* [GIVEN DATA]:
--------------------------------------------------

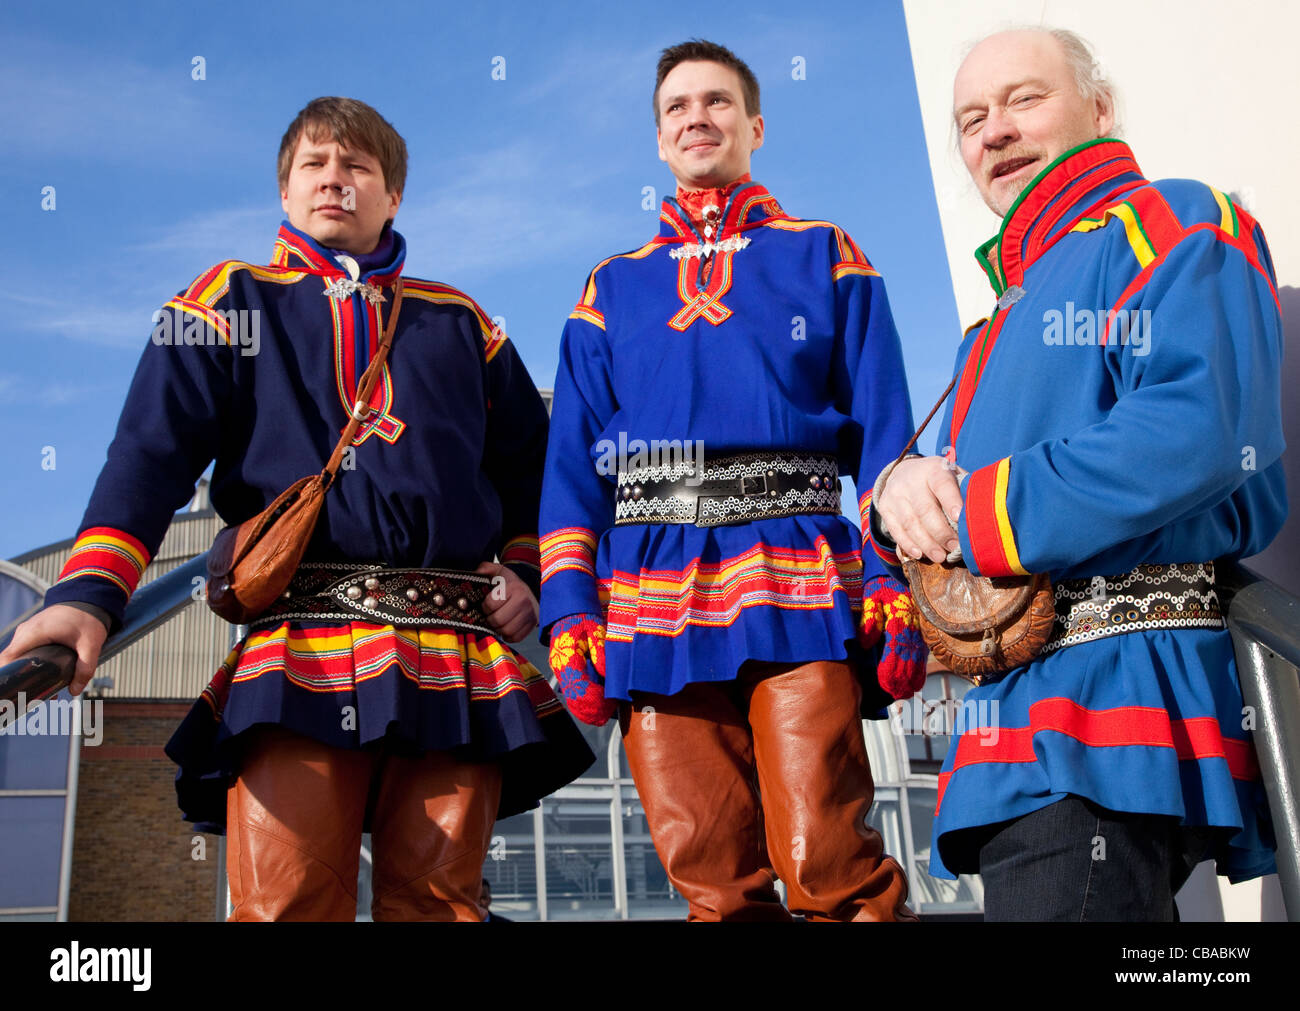 Saami Clothing
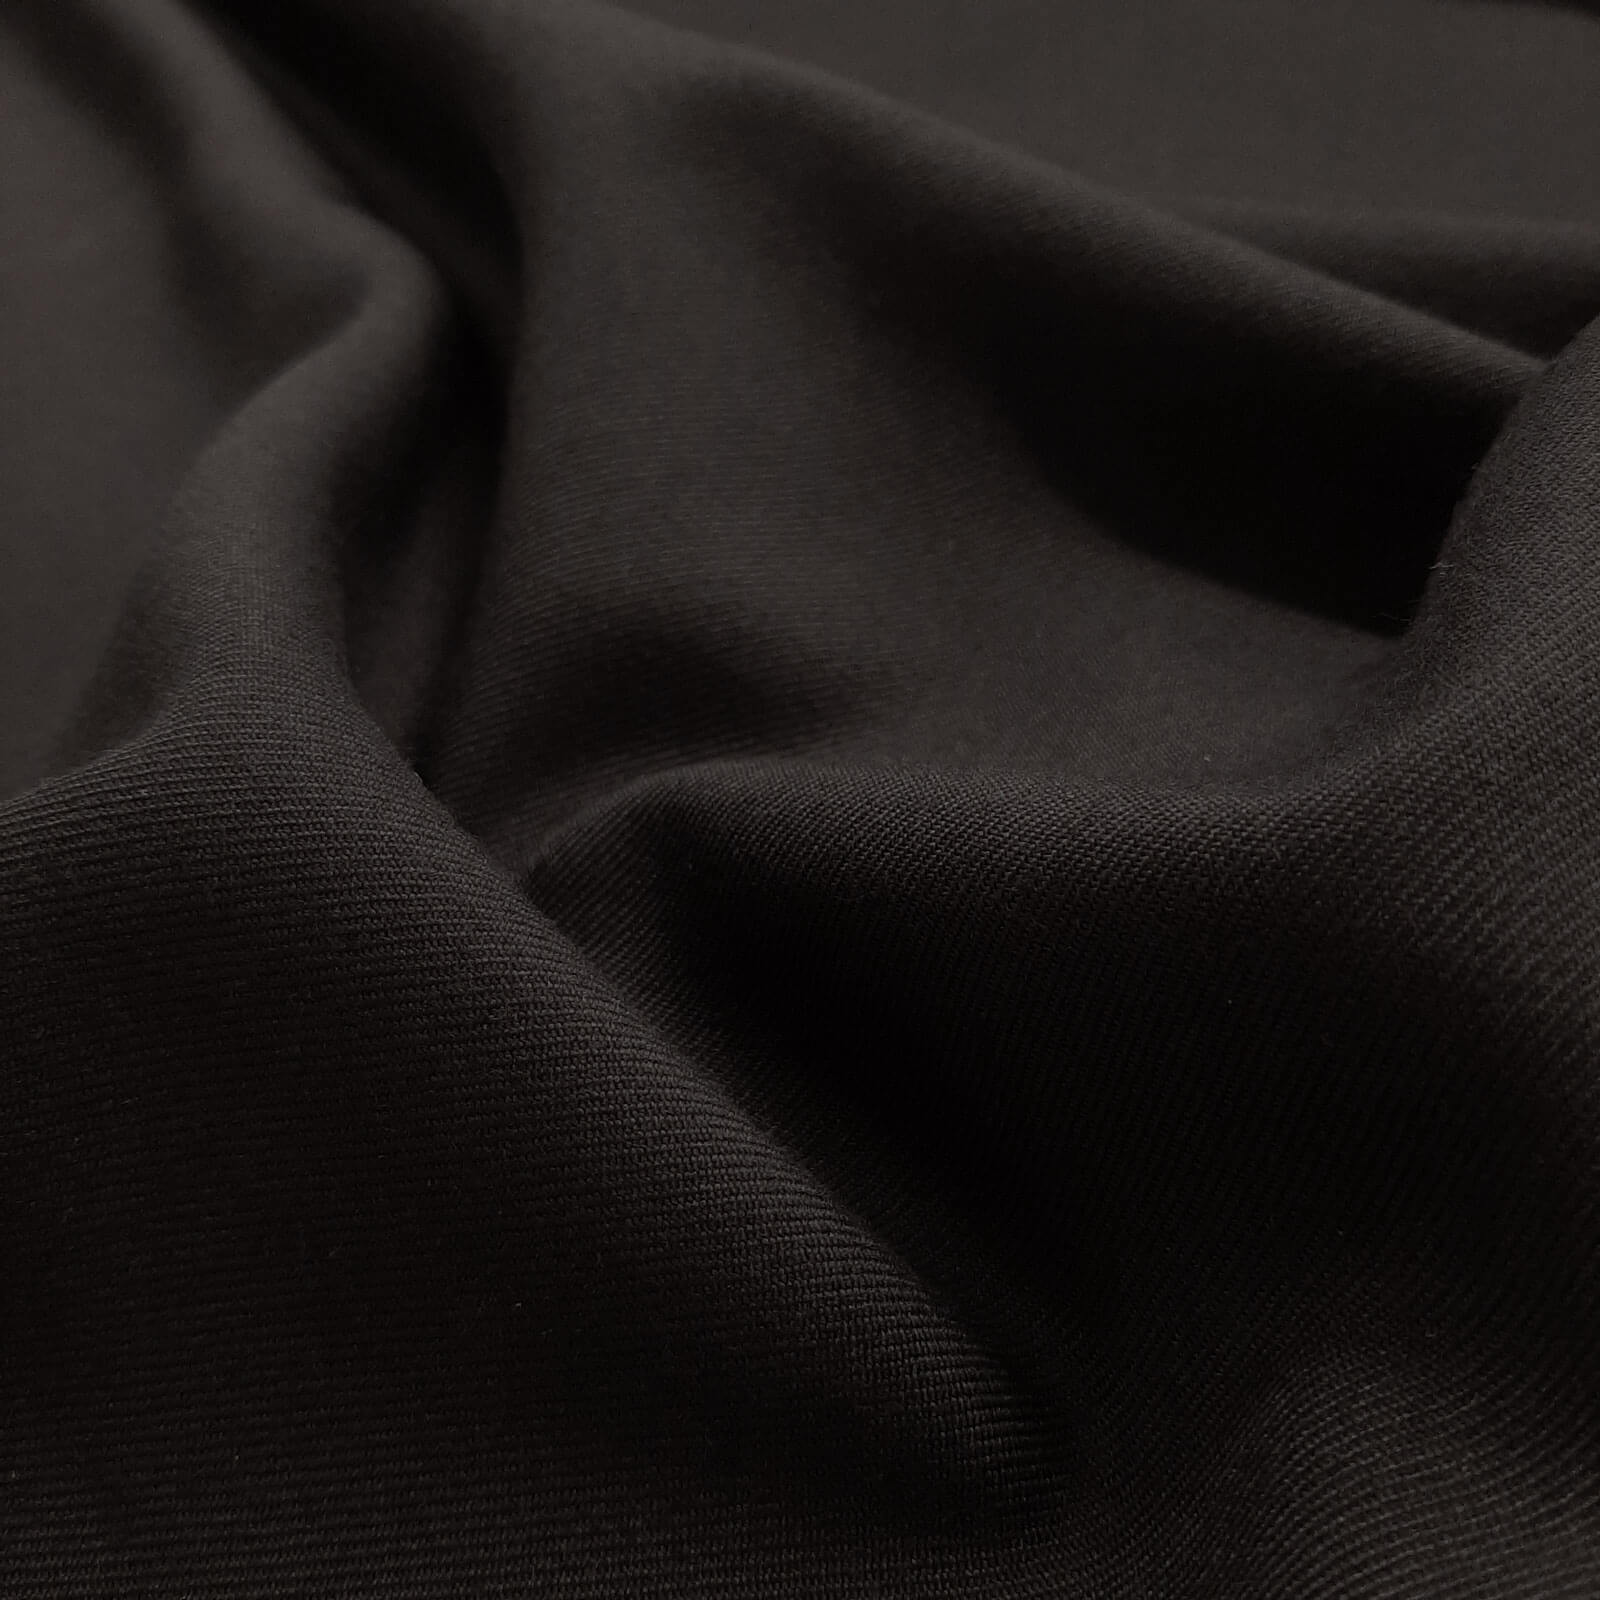 Franziskus - Paño de lana / paño de uniforme - Negro 
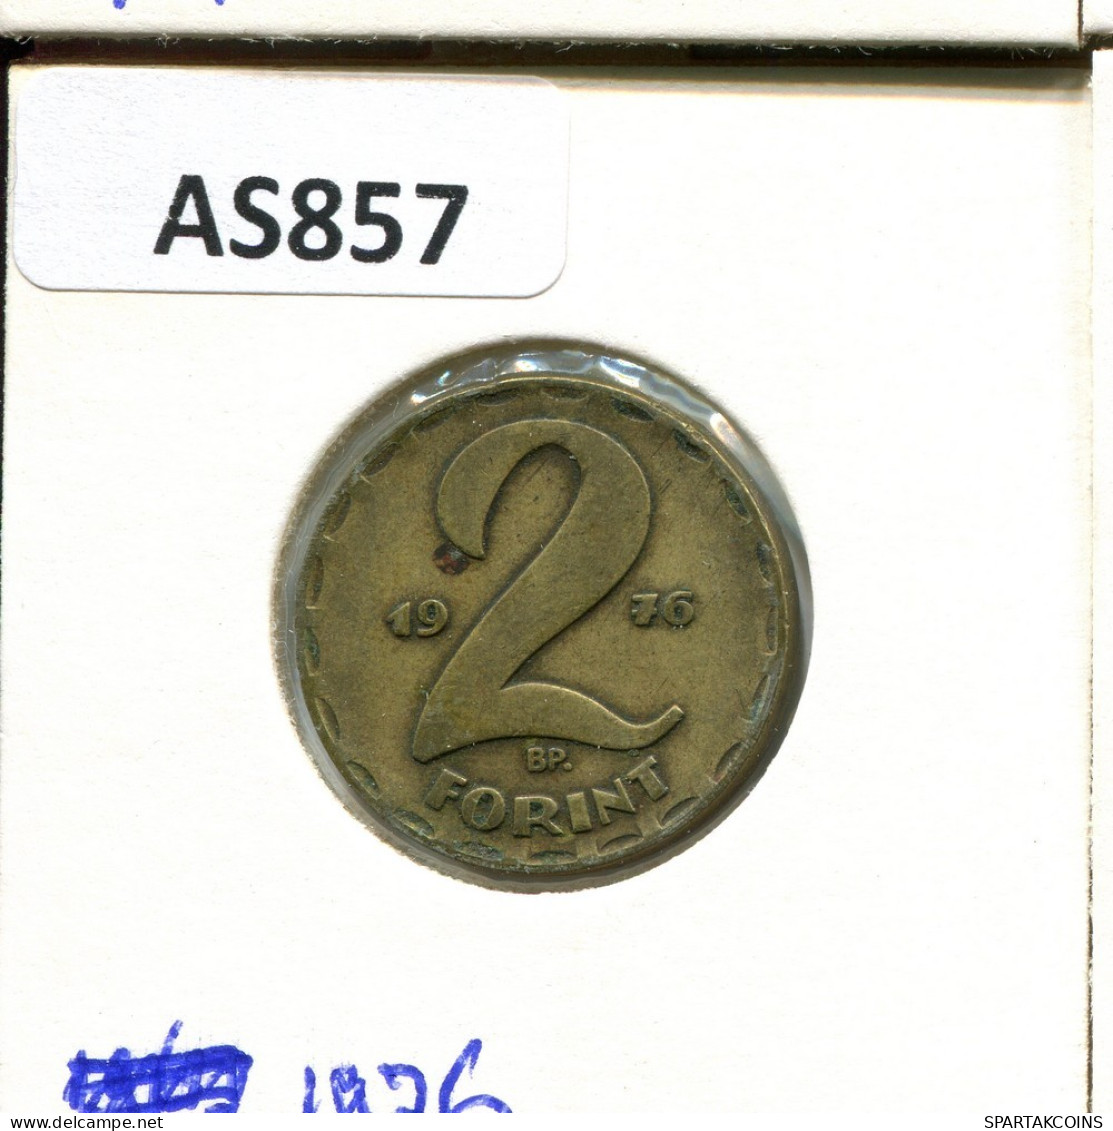 2 FORINT 1976 HUNGARY Coin #AS857.U.A - Hongrie
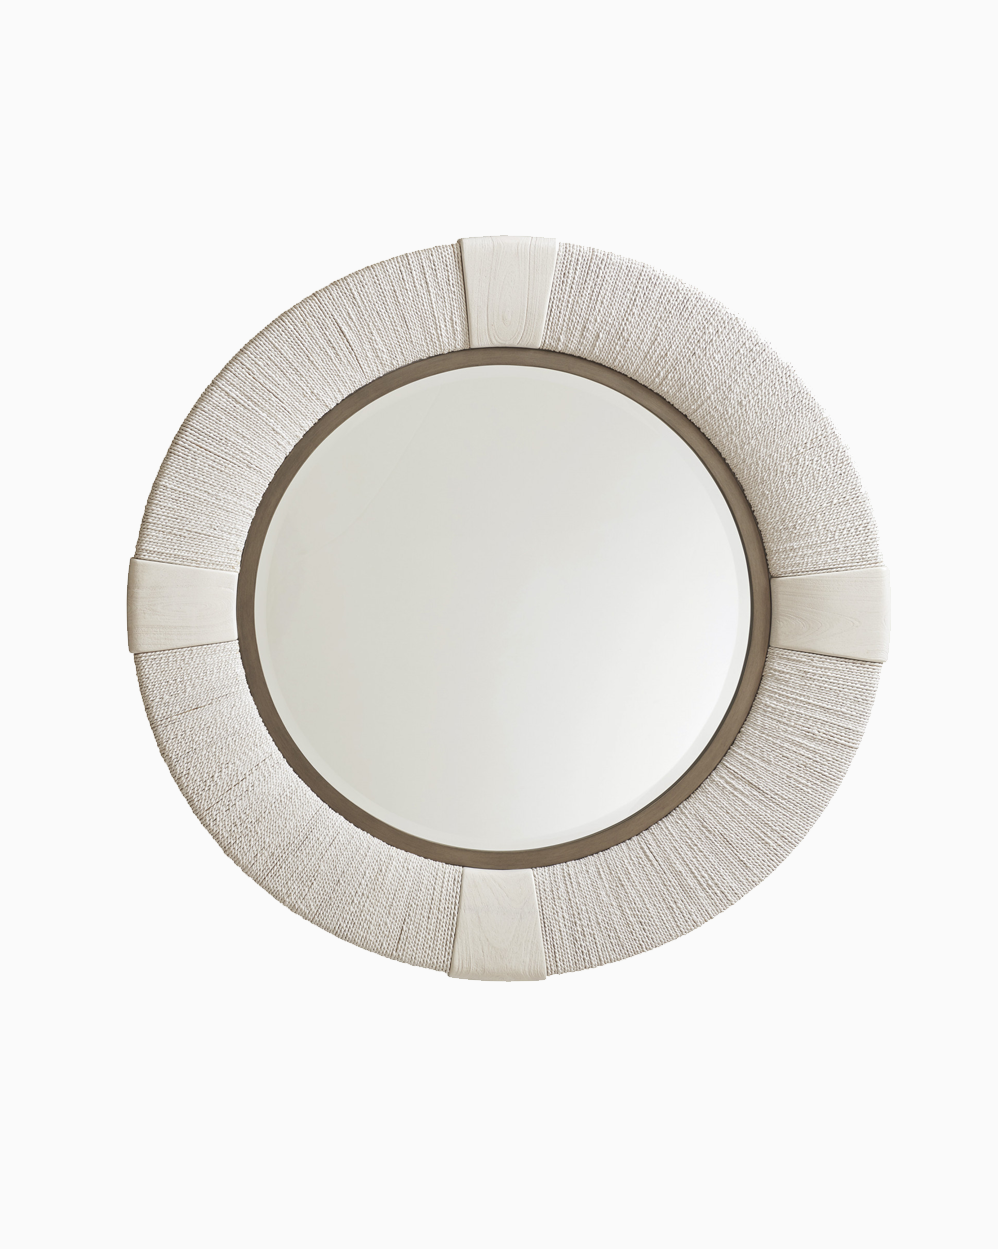 Seacroft Round Mirror

--------------------------------------------------

* [WORK INSTRUCTIONS]:
Return each line above word for word. Skip the pictures.

* [ANSWER AREA]:
 Saami Clothing
 Franziskus - Paño de lana / paño de uniforme - Negro 
 2 FORINT 1976 HUNGARY Coin #AS857.U.A - Hongrie
 Seacroft Round Mirror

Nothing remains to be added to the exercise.